The late, great, American Top 40 host Casey Kasem would sign off his broadcast with his signature phrase “Keep your feet on the ground and keep reaching for the stars.” He did this because he did not like saying goodbye. This phrase could not be any more fitting when you are facing challenges in developing great ideas. Keeping your feet on the ground is easy, reaching for the stars when your feet are firmly in a rock-bottom moment in your business life is an entirely different experience altogether. It is the exact experience you need when you want to reach for the stars and deliver a great idea that generates results.
The Rock Bottom Moment
A hot spring day in D/FW delivered a rock-bottom moment for me and my marketing team. We were executing a marketing program for a major telecommunications company going into neighborhoods and building interest and more importantly sales for a broadband internet service. After months of planning and proposing the day to launch had arrived.

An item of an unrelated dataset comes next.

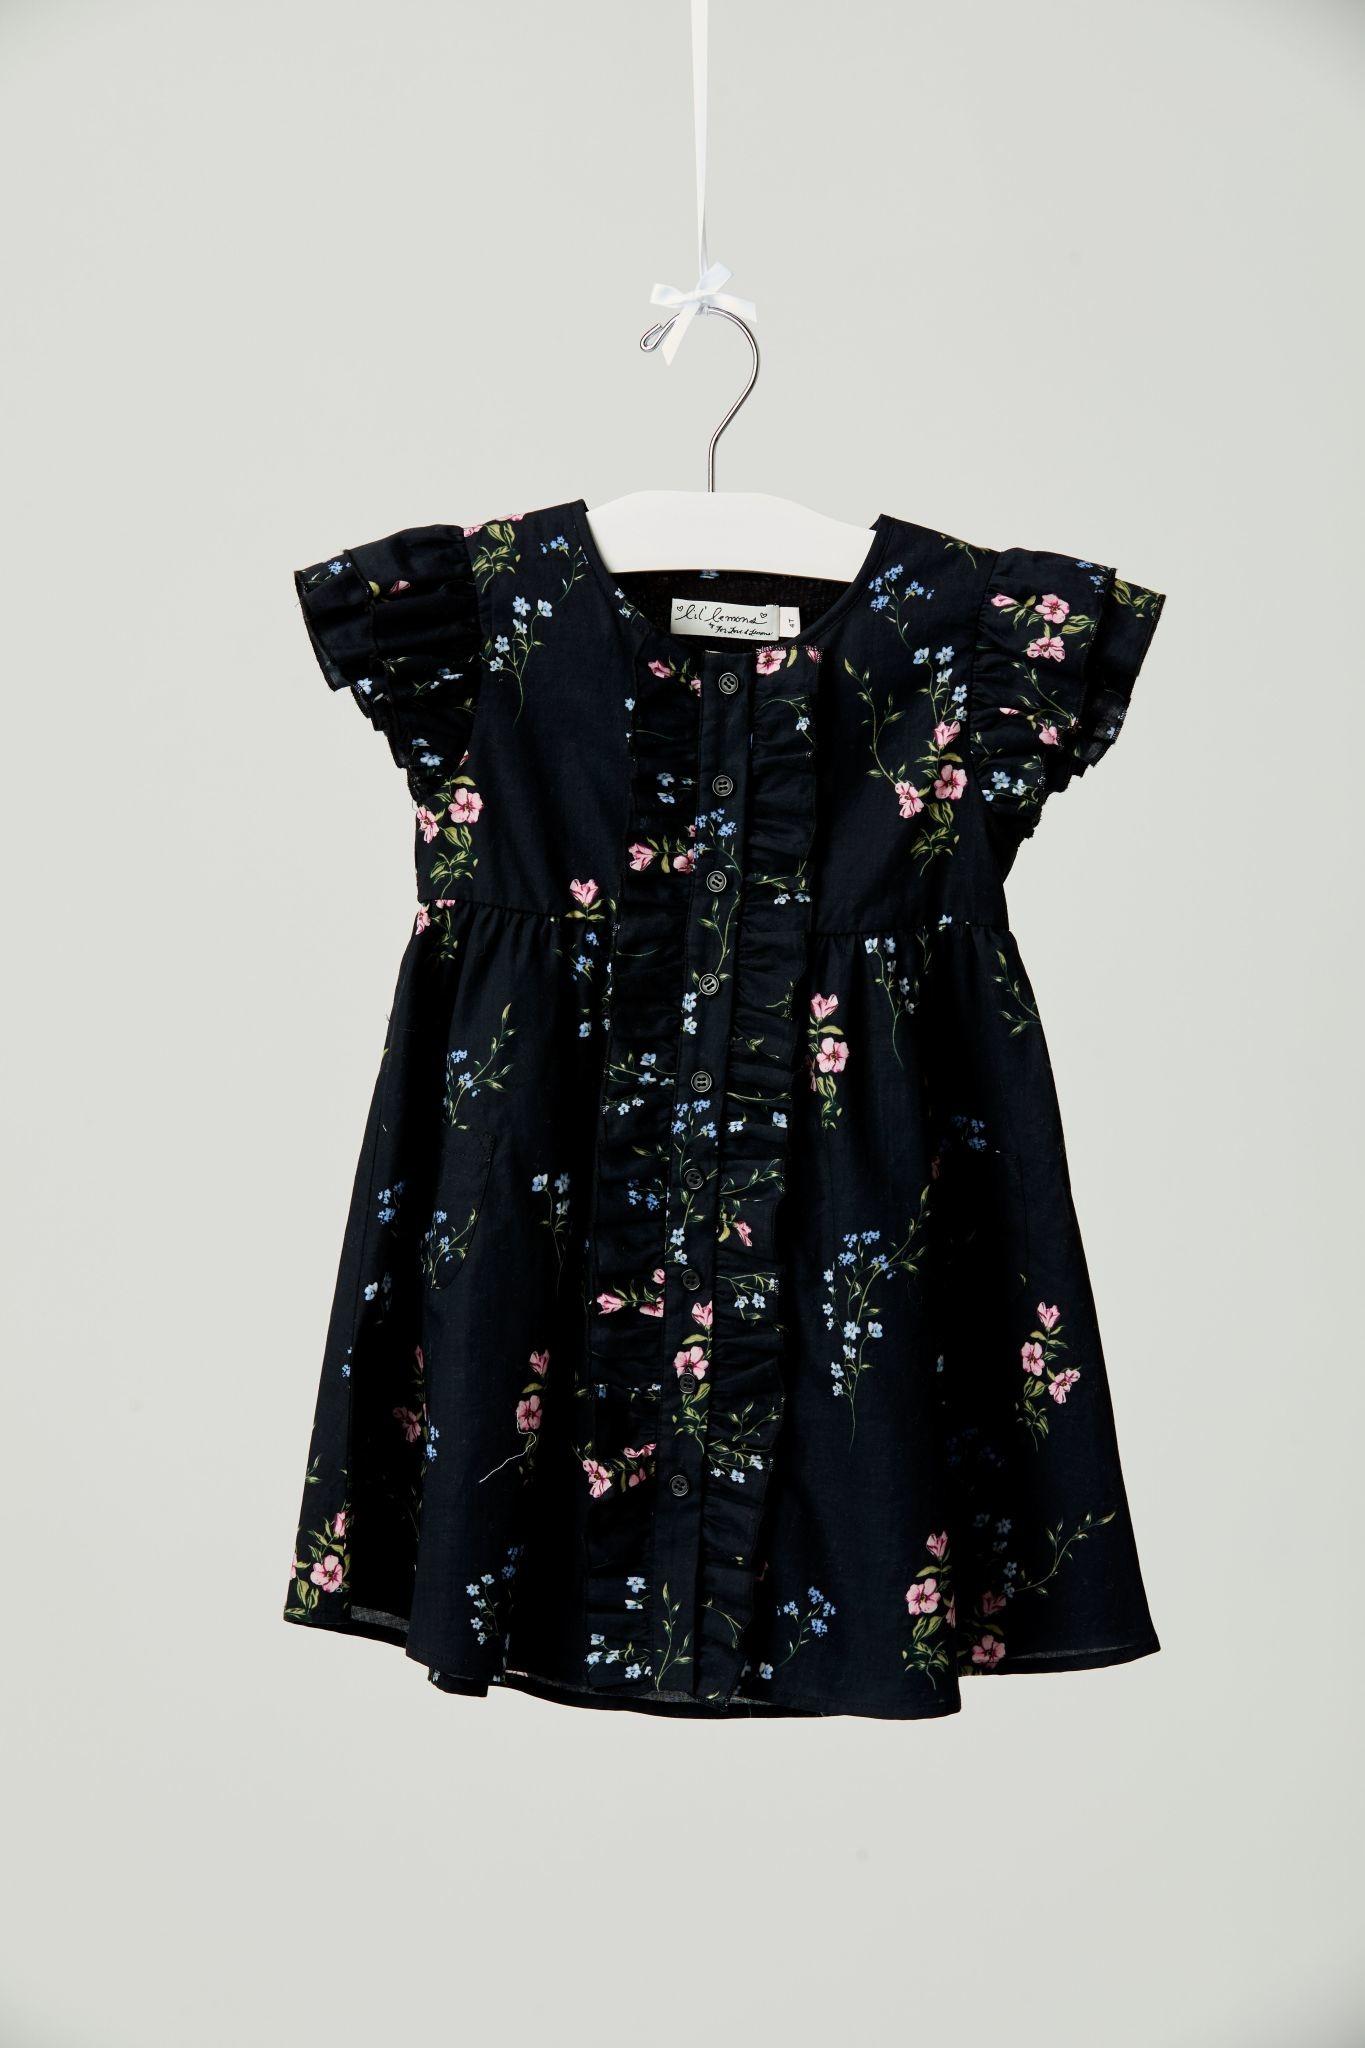 LIL' LEMONS Flower Patch Ruffle Dress
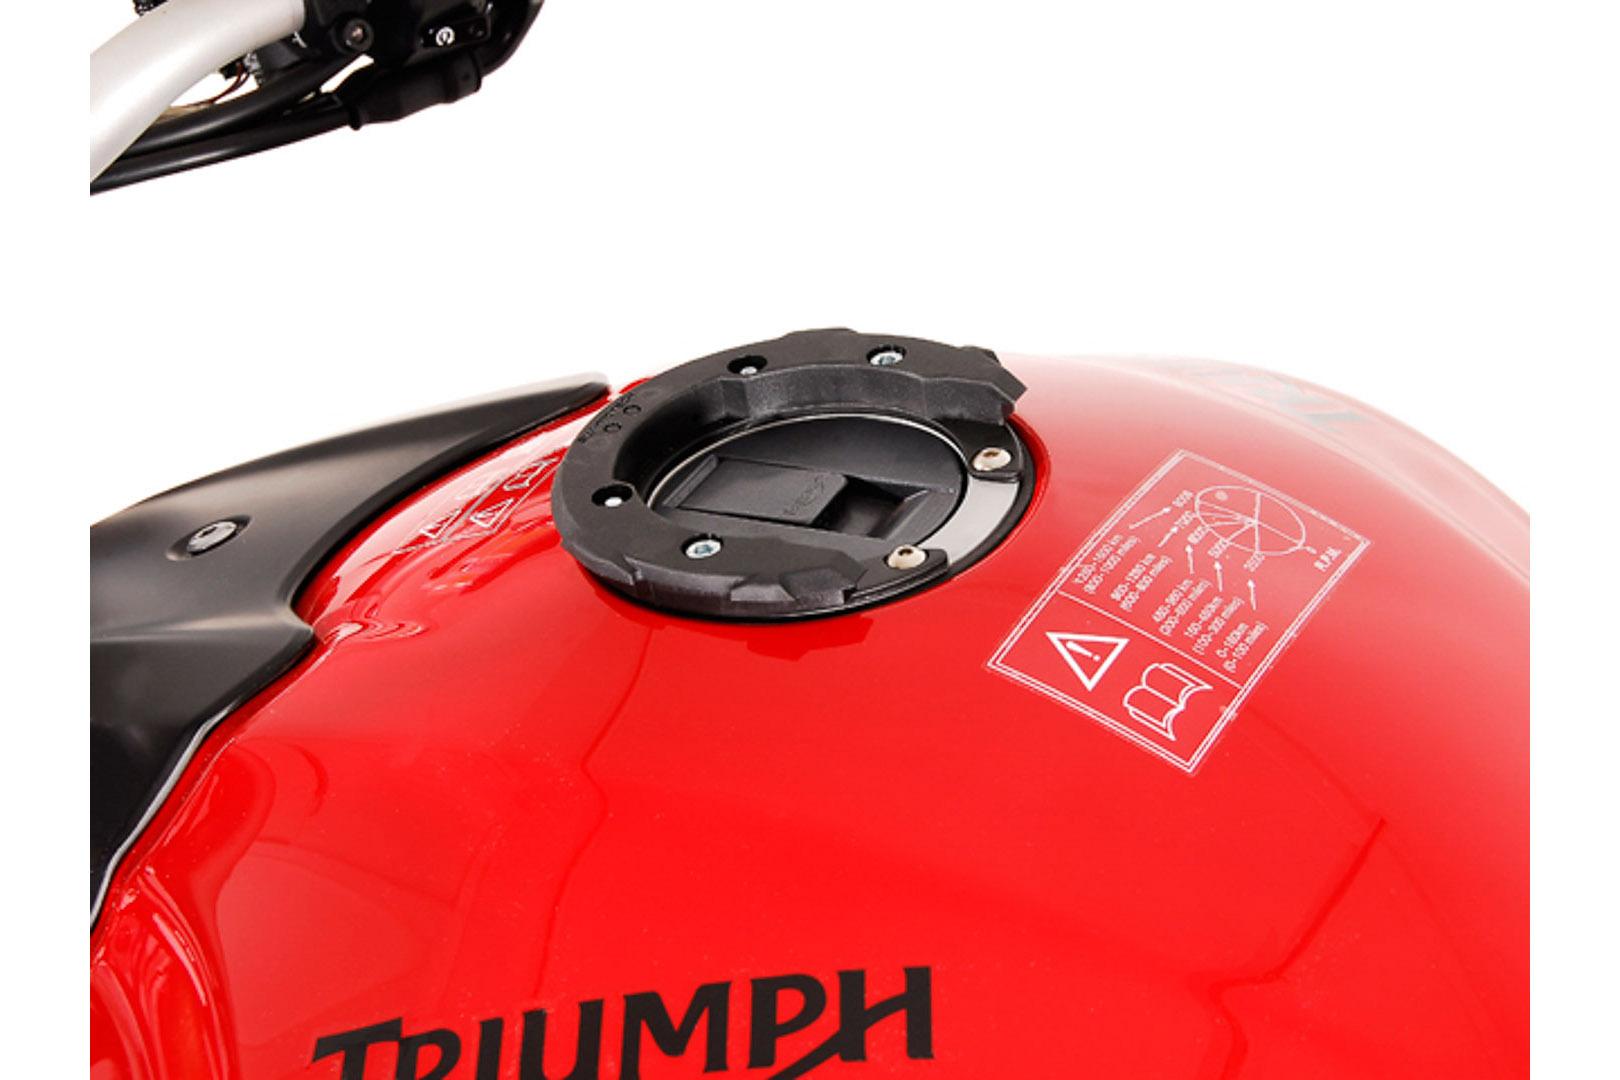 Quick-Lock EVO tankkilaukun kiinnike, Triumph 6 ruuvia

We developed a tactic that would put us on the doorstep of the consumer. As in, I was standing on the doorstep of the consumer in a neighborhood of about 400 homes. We had canvassed, advertised and hyped a community event at home that was an expo of sorts, food, entertainment and tech demos. The game day arrived and for the next 4 hours we saw a total of 3 people. Three people was our record high attendance.
The Idea Pivot Point
We were a frustrated, okay more accurately we were completely embarrassed. In an instant, the sharp bite of reality set in and I questioned everything about my ability as a marketer. If you have ever arrived at this moment in your career it is a humbling experience and a pivotal moment, because it is in this rock bottom moment opportunity, could be omnipresent. A few moments later as I stood in an empty neighborhood my colleague heard the ever so familiar music coming from an ice cream truck. He saw the opportunity immediately and there in discovered how to reach people in their neighborhood in a delightful and unconventional way. A big expo may have sounded and looked good on paper, but a free ice cream is what would get people to respond.
Sweet Outcome
Two months later our same client was launching an all-fiber network and needed a tactic that could get them into select neighborhoods. The current build out did not allow for mass media tactics and they needed to be specific in where they could engage consumers as some streets could receive the service and 3 streets over could not. From that hot spring day two months ago an idea was developed into a program that eventually spread to over seven states in dozens of markets and would deliver to our client penetration rates that doubled their mandated goal.
With our feet firmly planted in the rock bottom pit, we reached for the stars and created a program that became an award winning field activation campaign and received national media exposure. The failure of the initial expo plan taught us that one idea may not be the best solution but being aware of opportunities 100 feet away can be a game changer as long as you keep reaching.